К счастью, если уж он брался за учебу, память его не подводила. Учительница иногда спрашивала, не хочет ли он одолжить какую-нибудь книгу, когда он последним выходил из класса. Он всегда кивал. Он уже давно перечитал скудную библиотеку родителей. И хотя еще не был готов обсуждать с Даникой Грех и Истину, беременность коров, пути Господни, силу трав, жизнь и крест Иисуса, ему казалось, она догадывается, что он не глуп. Чем больше она улыбалась и разговаривала с ним, как со взрослым, тем умнее он себя чувствовал.

Впоследствии ему стало хватать смелости отвечать на ее вопросы. «Спасибо, у меня все хорошо», – говорил он, к примеру, если она спрашивала. Потом выпрямлялся и утирал рукавом пот со лба, в точности как его отец.

Тем сильнее Мирко раздражало, что его помощи не всегда хватало. Даника, бывало, нанимала работника или двух, которые спали в гамаке в частично отгороженной части сарая. Мирко становился беспокоен в присутствии наемников. К счастью, они не надолго задерживались, некоторые всего на пару дней, и они редко говорили о чем-то интересном или умном. Это его немного успокаивало. И еще болезненное утешение, что их было много разных. Не было кого-то одного. Хотя нет, все же был.

– Доброе утро, молодой человек, – начала Даника, когда вышла встречать Мирко во дворе. Она всегда улыбалась, и на щеках проступали ямочки.
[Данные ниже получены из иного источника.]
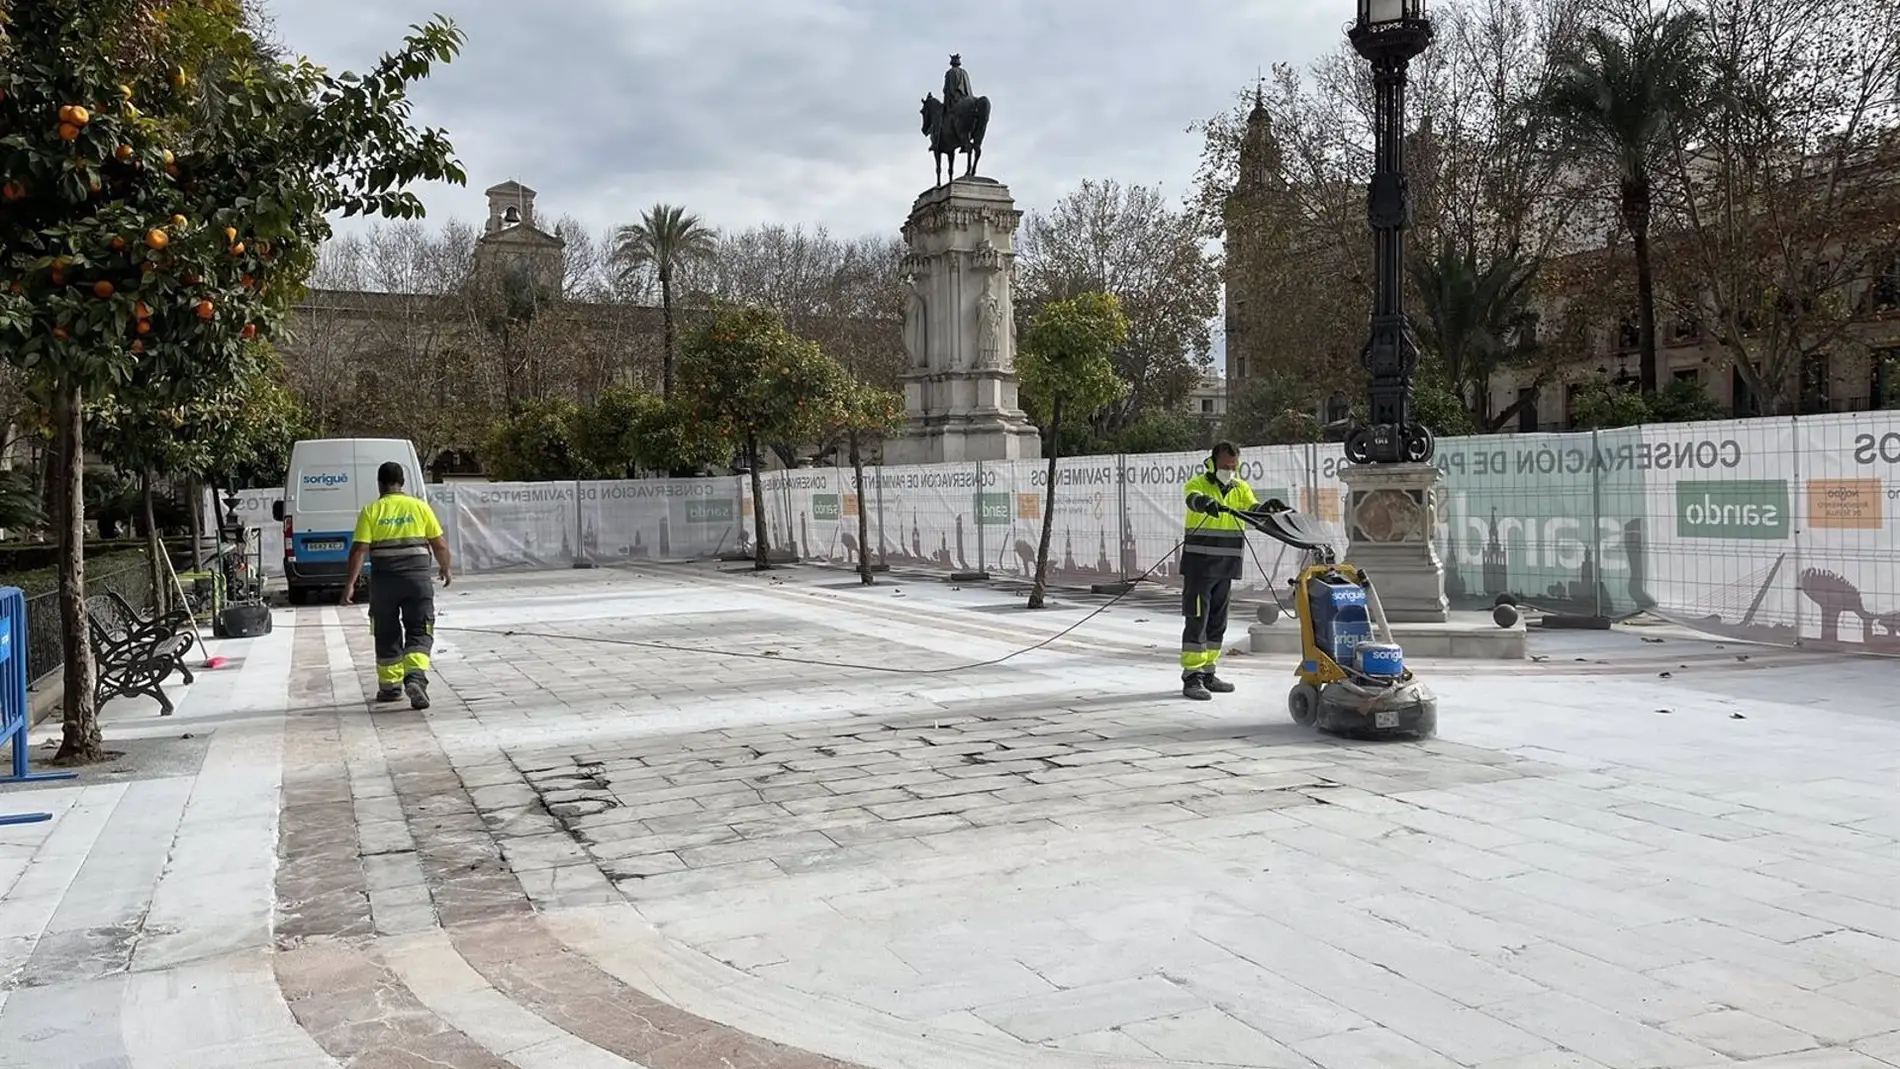 Operarios realizan las tareas antideslizantes sobre el suelo de Plaza Nueva

Он заметил, что у нее не хватает зуба сверху справа, при том, что остальные зубы были идеальными и ровными. Эта черная дыра ничего не портила. Наоборот, он надеялся ее увидеть, потому что ее было видно, только когда Даника искренне смеялась. Он видел ее, когда принялся за стирку; и когда упал в грязь за амбаром. Хоть было жутко неловко и он готов был сгореть от стыда, Даника так тепло смеялась, что уже не было больно – только удивительно, и он захохотал сам. С тех пор они не раз над этим посмеивались. «Только не споткнись», – кричала она, заметив его с тачкой по пути к луже грязи. И тогда между белоснежными зубами приоткрывалась черная дыра.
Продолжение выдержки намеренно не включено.